Some of the largest fines and enforcement actions during the second quarter resulted from violations relating to variable annuity sales, suitability, research, and anti-money laundering (“AML”). Key fines levied by FINRA during the second quarter follow.
FINRA fined a firm $20 million and ordered it to pay $5 million to customers in restitution for allegedly making negligent material misrepresentations and omissions on variable annuity replacement applications. For a period of nearly six years, registered representatives allegedly misrepresented and omitted at least one material fact relating to costs and the guarantees of customers’ existing annuity contracts in over 20,000 replacement applications. The paperwork associated with a replacement application included a section called the Annuity Replacement and Transfer Disclosure (“ARTD”) form. State insurance laws also required the firm to include a side-by-side comparison between the customer’s existing contract and the proposed contract. According to FINRA, a sample of the transactions revealed the following violations:
FINRA also noted that the firm failed to supervise its annuity replacement business in several ways. According to FINRA, registered representatives of the firm had not received training or guidance on how to complete ARTD forms properly. As a result of the lack of training, registered representatives failed to gather the required amount of information necessary to form a suitable recommendation for the replacement transactions.
The firm used an automated system to flag suitability issues for each of its replacement applications. During the period, the system was not programmed to flag issues that related to the side-by-side comparison of annuity features. In addition, supervisory principals of the firm did not consider this information when determining the suitability of each replacement.
According to FINRA, the firm’s illustrations calculated incorrect results relating to customer death benefits on existing contracts by failing to factor in a stepped-up death benefit offered by customers’ existing contracts. A stepped-up death benefit occurs when a customer’s account value performs well and reaches a gain, which the insurance company should periodically lock in. The firm had not tested its calculators to ensure that they included the stepped-up death benefit amounts. As a result, customers believed the replacement death benefits represented an improvement over their existing contracts.
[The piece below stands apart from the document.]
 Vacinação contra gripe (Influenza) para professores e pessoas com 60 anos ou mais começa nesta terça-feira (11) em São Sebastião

The firm also failed to comply with FINRA Rules 2330(d) and (e).2 FINRA Rule 2330(d) requires that firms implement surveillance procedures to determine if their associated persons effect deferred variable annuity exchanges at rates that raise the possibility of conduct inconsistent with the applicable provisions of the rule, other applicable FINRA rules, or the federal securities laws. Rule 2330(e) requires firms to develop specific training programs to ensure that associated persons who effect, and registered principals who review, transactions in deferred variable annuities comply with the requirements of the rule and that they understand the material features of deferred variable annuities. Management can avoid violating Rule 2330 by designating Compliance as an initial reviewer of annuity replacement applications. Compliance should provide details of its review to senior management, including reasons for support of the replacement transaction. In addition, members that conduct a retail annuity business should include training for the sales of these products. Training would be provided to any person who has direct contact with customers and who can accept orders on their behalf. At a minimum, the training should be conducted during the firm’s annual compliance meeting.
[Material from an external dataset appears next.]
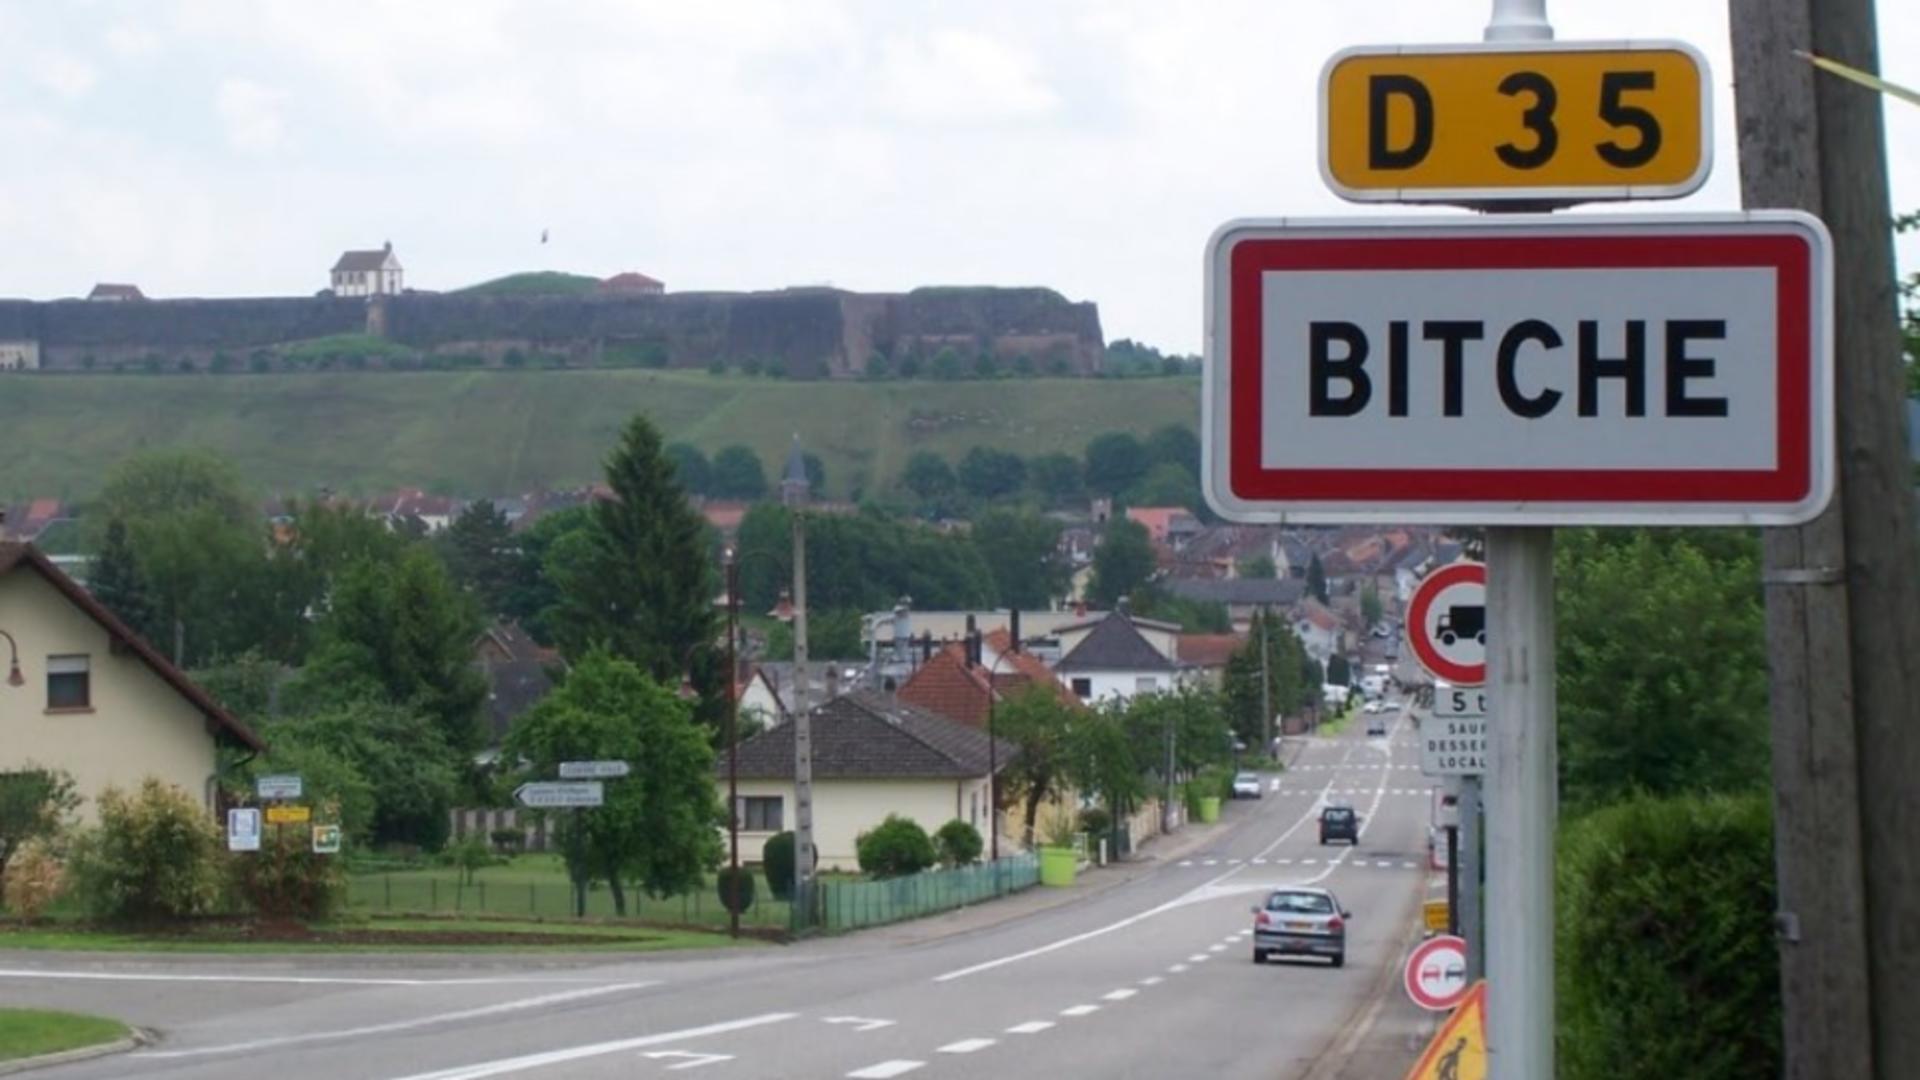 Un oraș francez cu nume de insultă în limba engleza

A broker-dealer was fined $2,250,000 and ordered to pay $716,000 in restitution for allegedly failing to supervise sales of non-traditional exchange-traded funds (“ETFs”) to retail customers and for recommending unsuitable ETFs. The firm’s policy was to prohibit its registered representatives from soliciting retail customers to purchase non-traditional ETFs. The firm also prohibited the representatives from executing unsolicited non-traditional ETF purchases for retail customers unless those customers met certain qualifications.
The firm allegedly failed to supervise the solicitation of these products in several ways. One way involved the use of a qualification letter. The firm had permitted unsolicited purchases of non-traditional ETFs for customers from whom registered representatives had previously obtained a signed ETF Qualification Letter. The ETF Qualification Letter required customers to represent that they met minimum criteria related to annual income, net worth, and trading experience. The firm did not train its registered representatives and supervisors on its prohibition of solicited non-traditional ETF purchases. FINRA allegedly found instances over a span of four years in which registered representatives entered solicited trades into the firm’s order entry system without supervisory oversight. In addition, representatives continued to make unsolicited purchases in ETFs for customers who had not completed an ETF Qualification Letter.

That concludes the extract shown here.